- [DATA BLOCK]:

▬▬▬

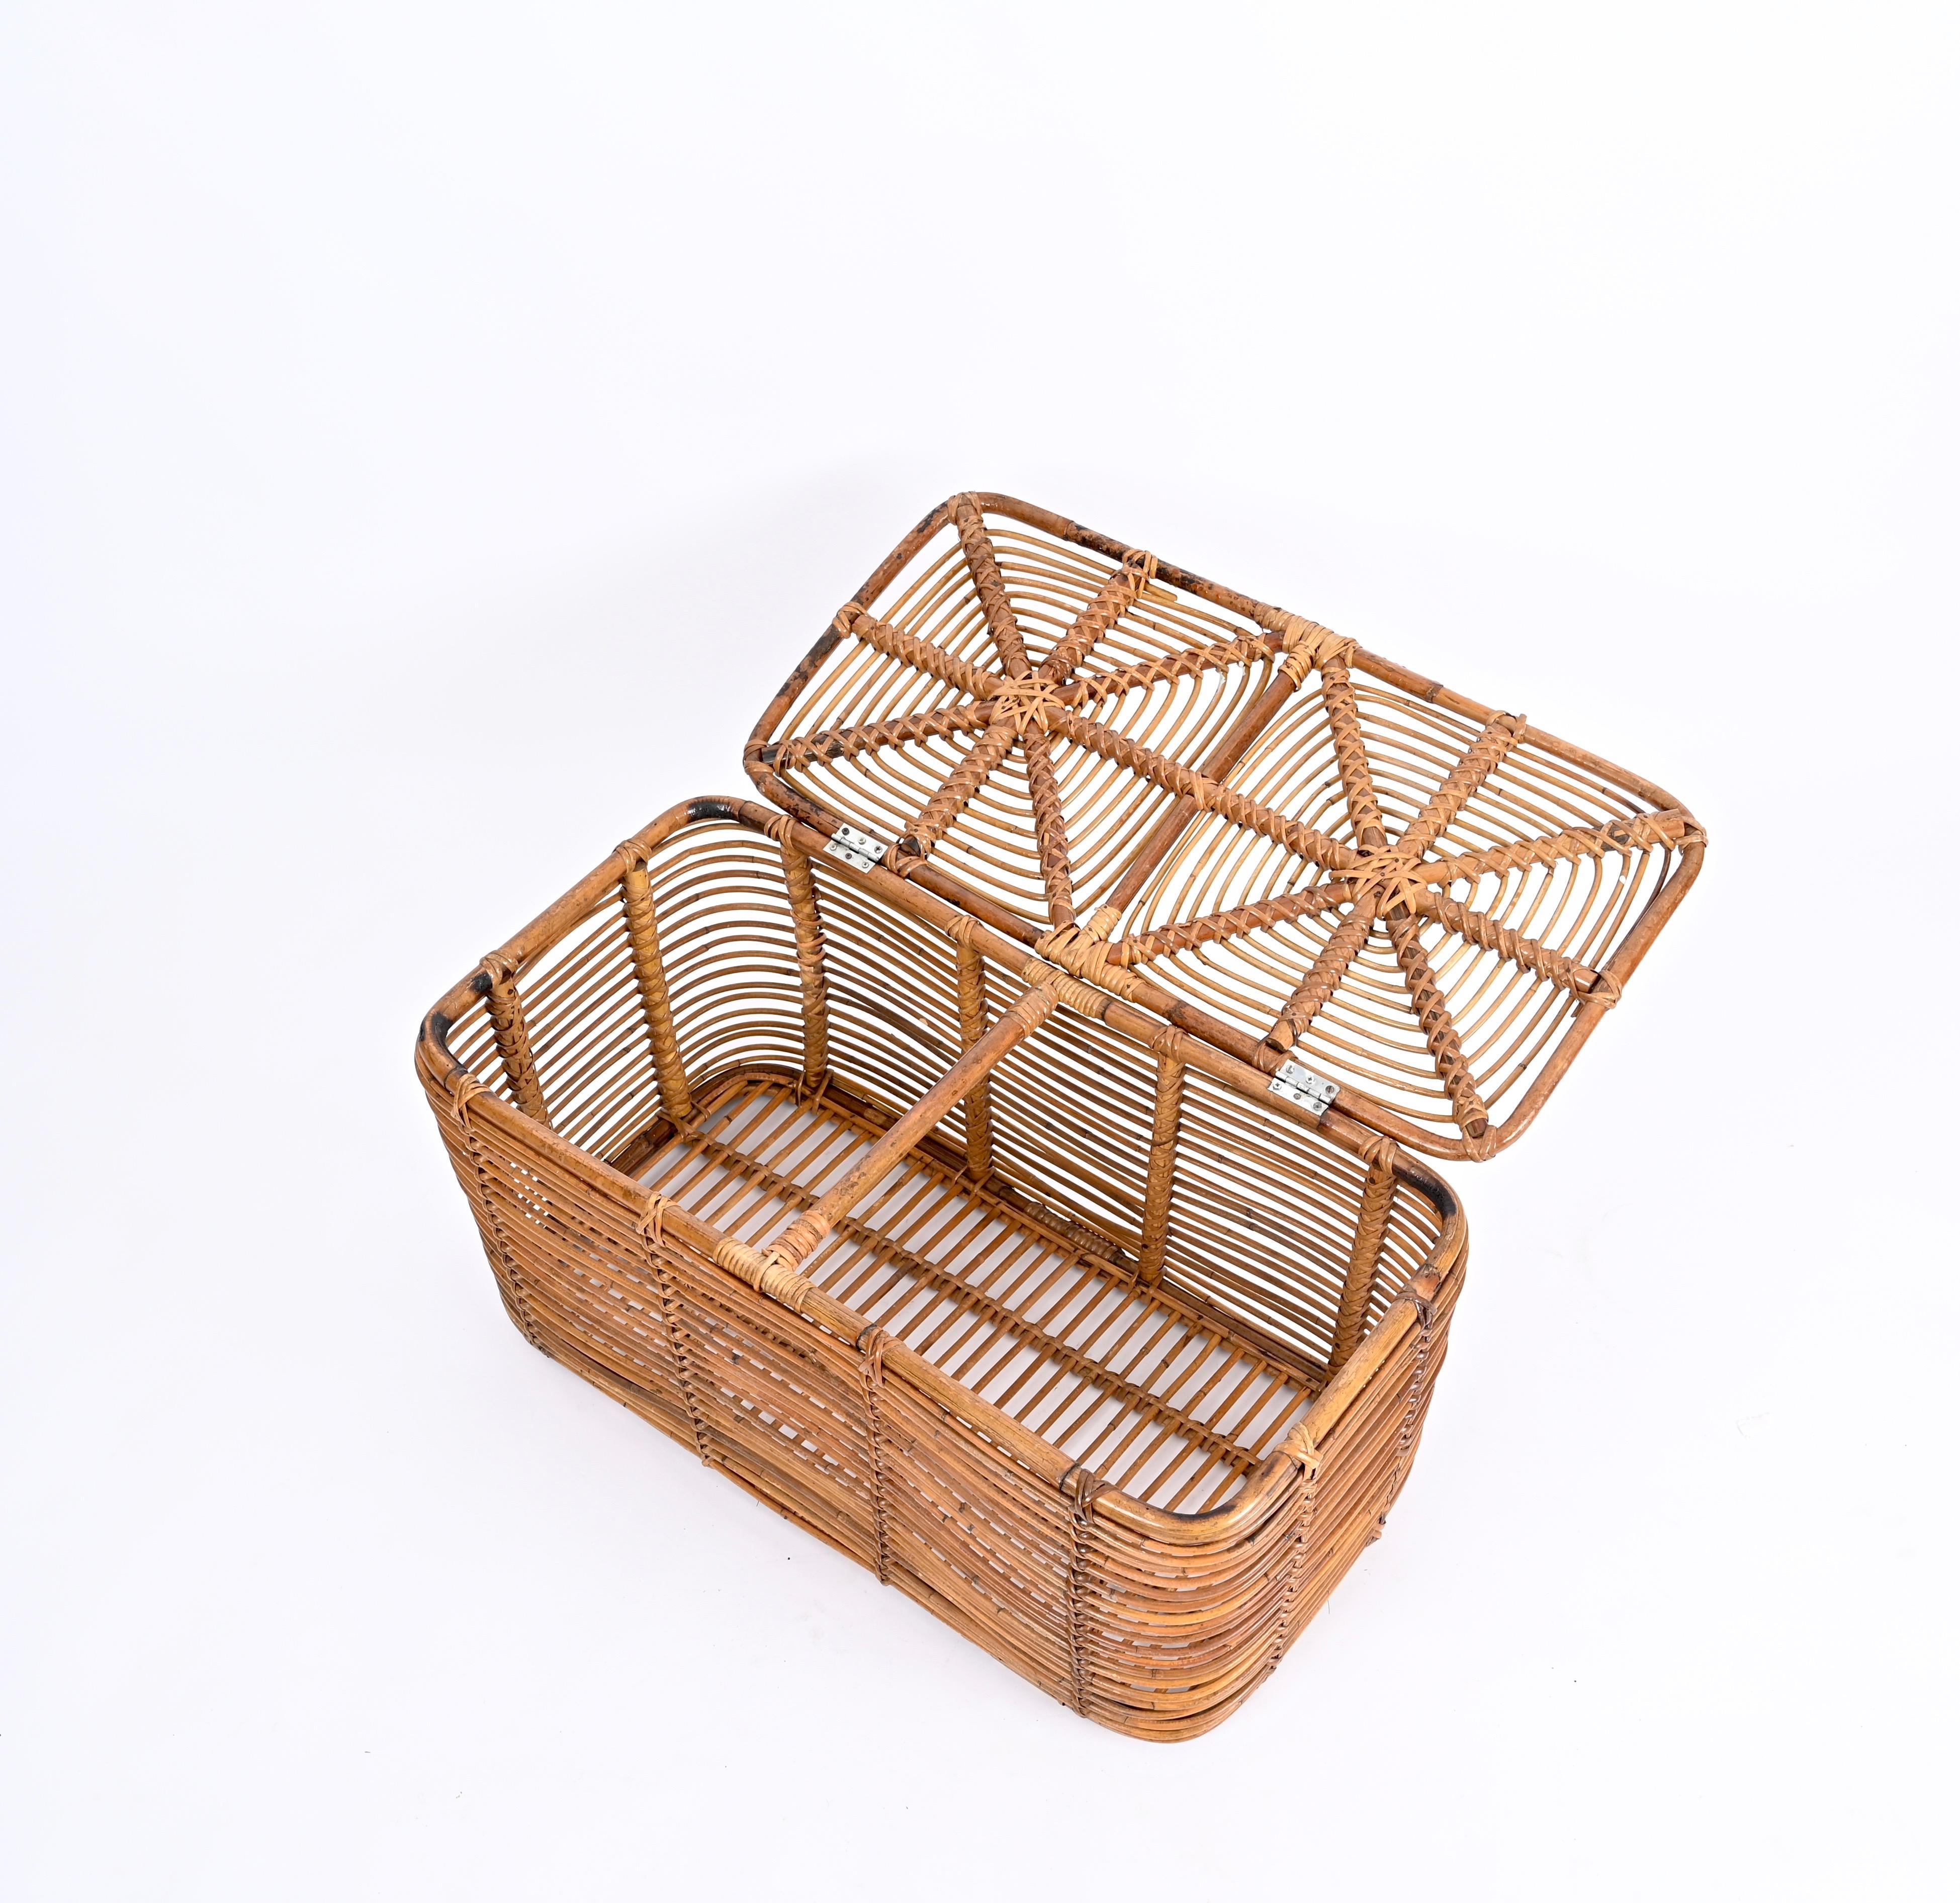 Midcentury French Riviera Bamboo and Woven Rattan Italian Basket, 1960s For Sale 6
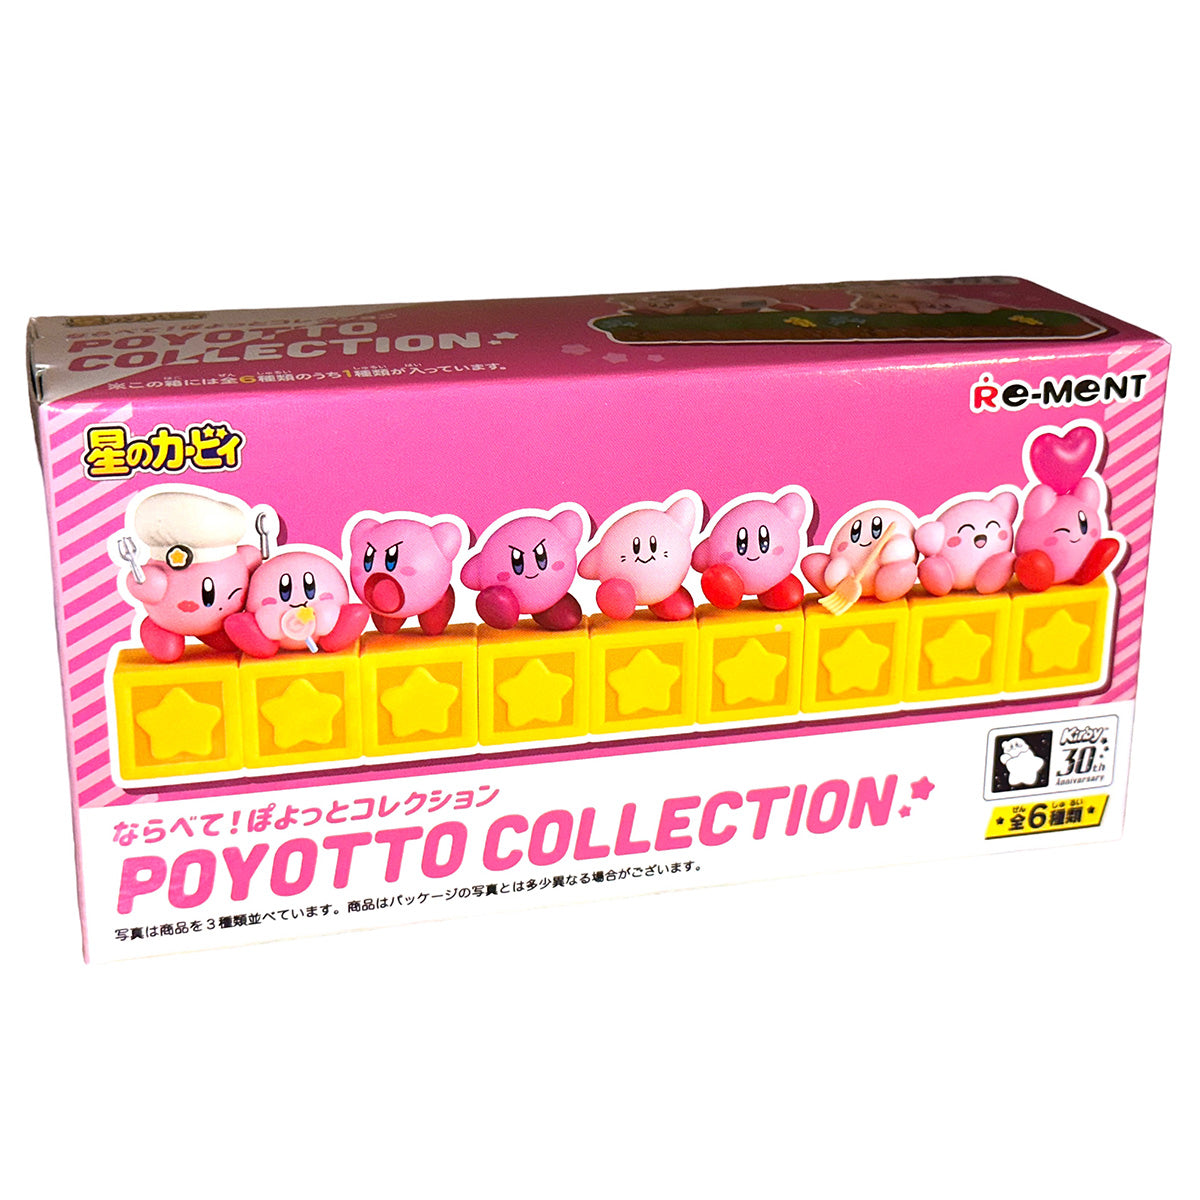 FUN MEMORIES - Kirby 30th Anniversary Poyotto Collection RE-MENT Figure #1 (NEW)
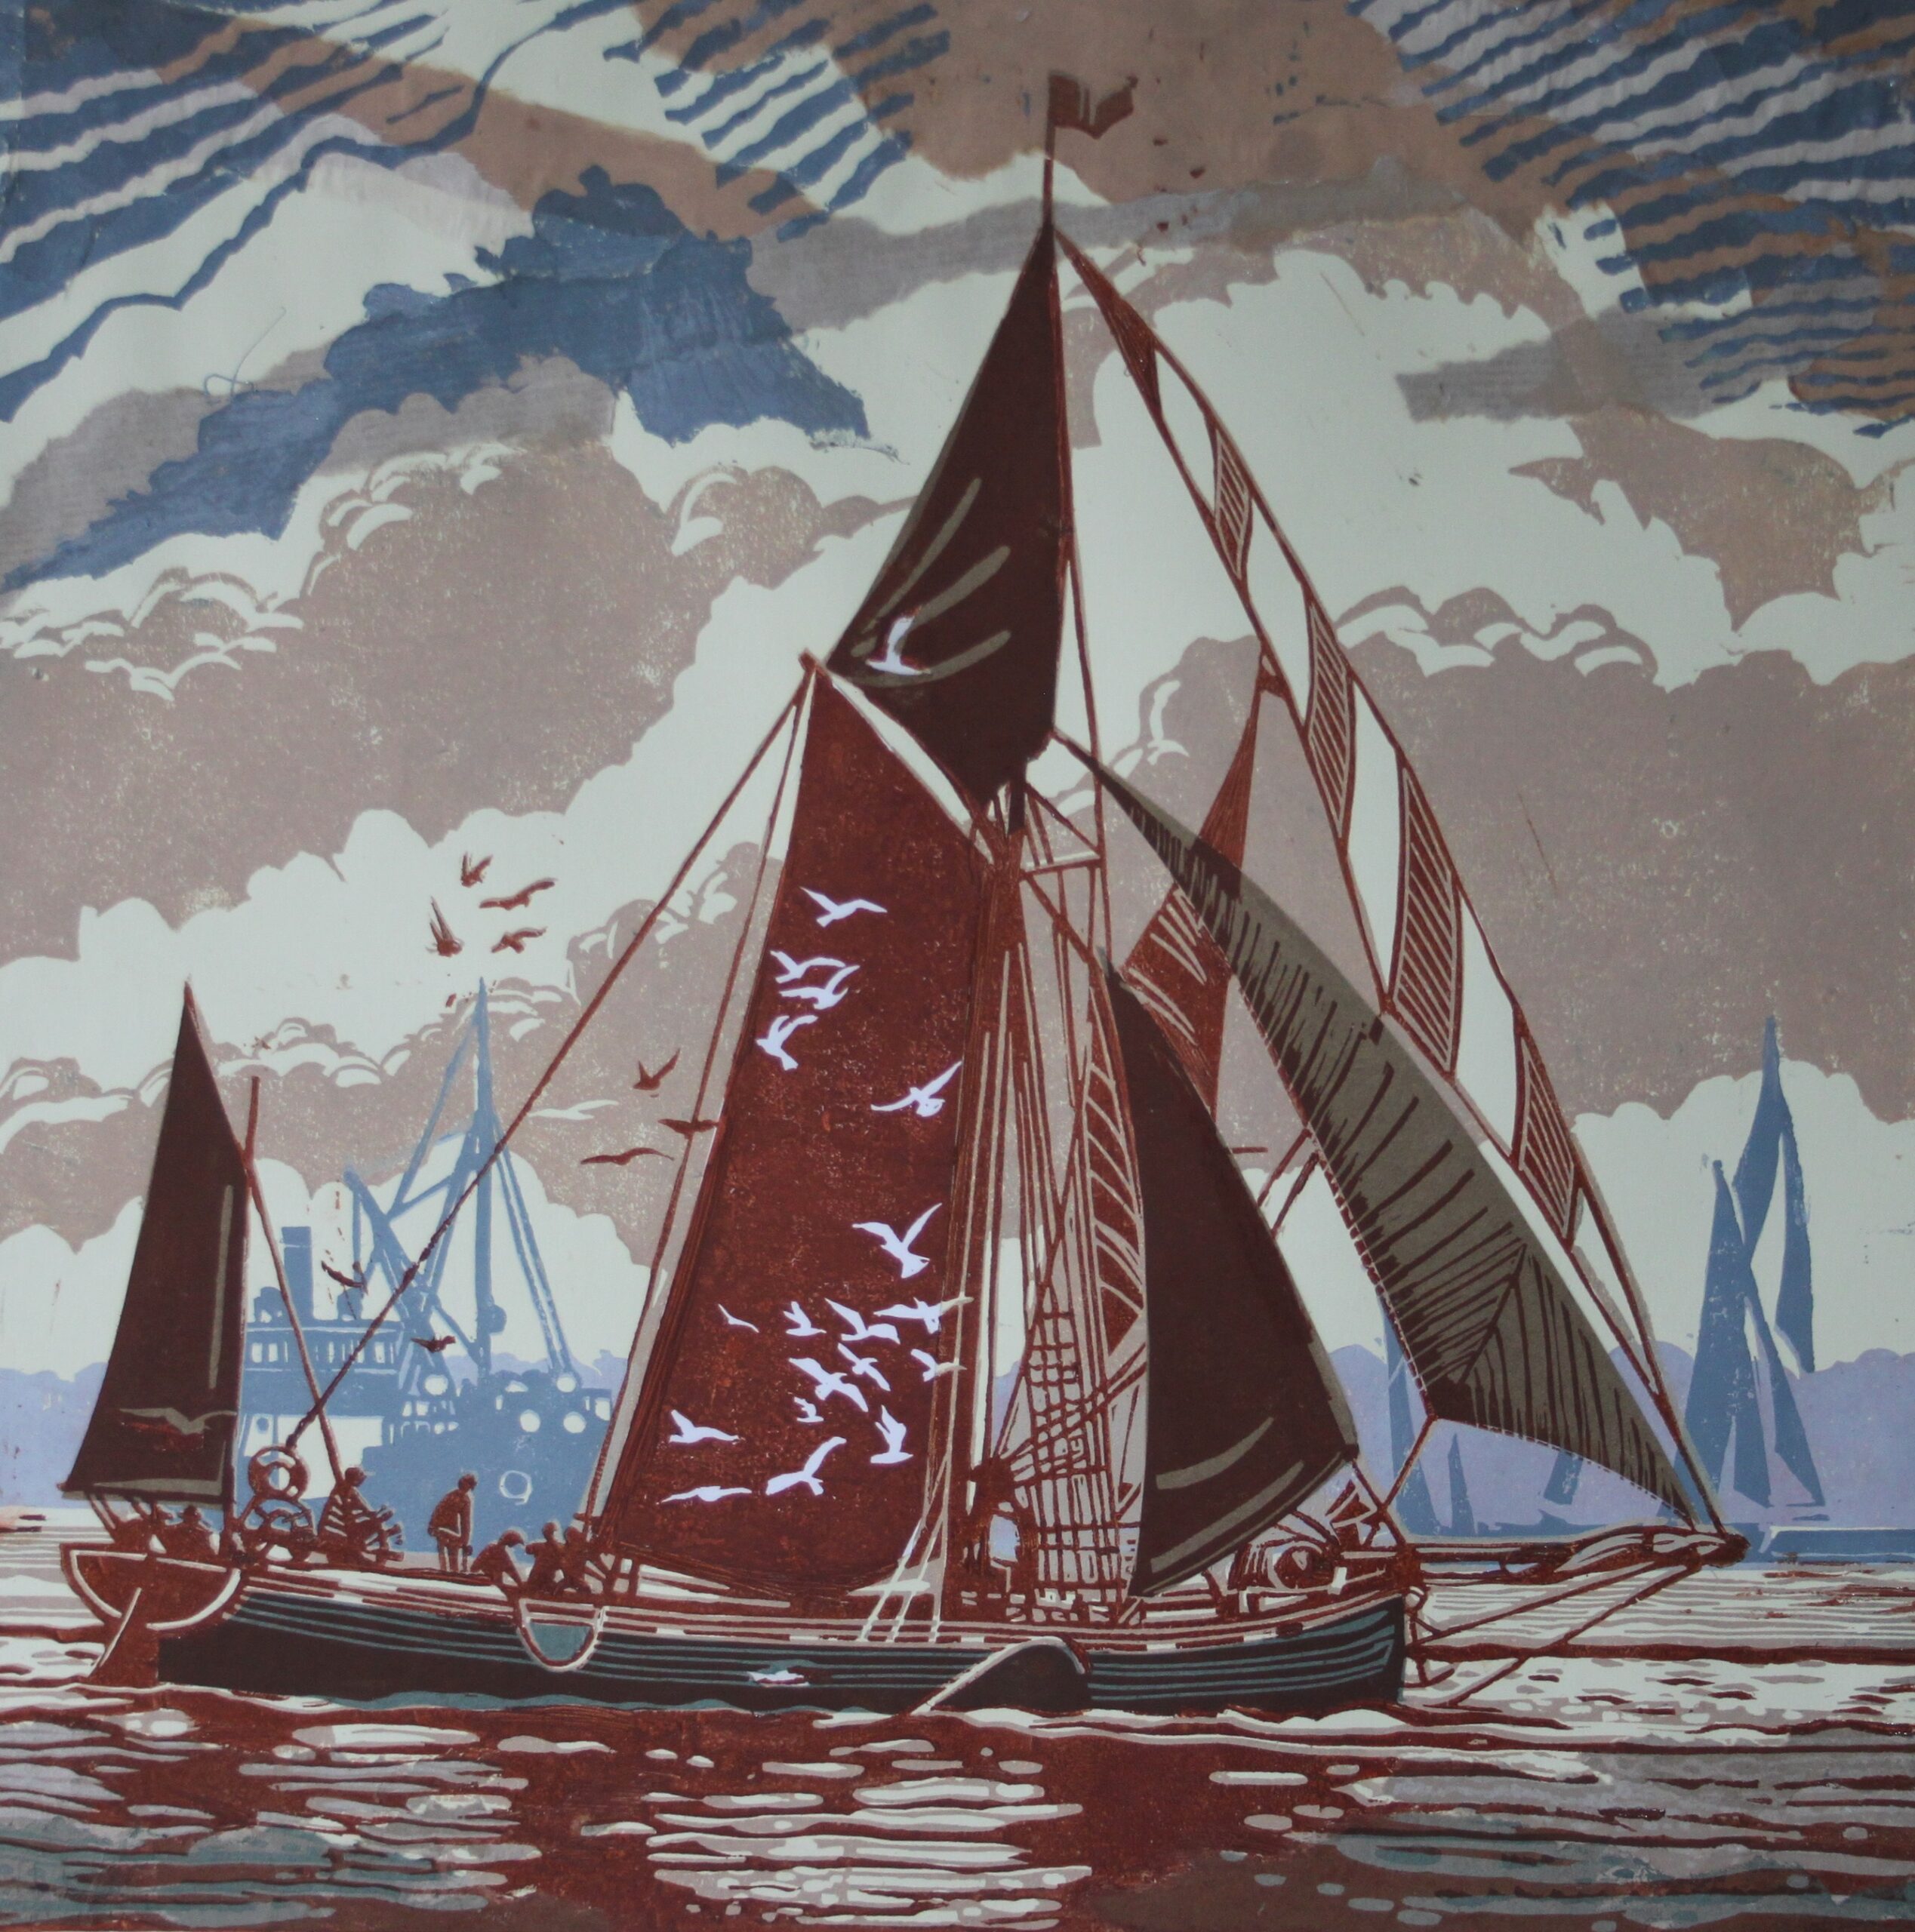 Red and blue print of boats on the sea

▬▬▬

- [TASK TO COMPLETE]: The data above should be restated exactly, with its images dropped.

- [EXERCISE SOLUTION]:
 Midcentury French Riviera Bamboo and Woven Rattan Italian Basket, 1960s For Sale 6
 FUN MEMORIES - Kirby 30th Anniversary Poyotto Collection RE-MENT Figure #1 (NEW)
 Red and blue print of boats on the sea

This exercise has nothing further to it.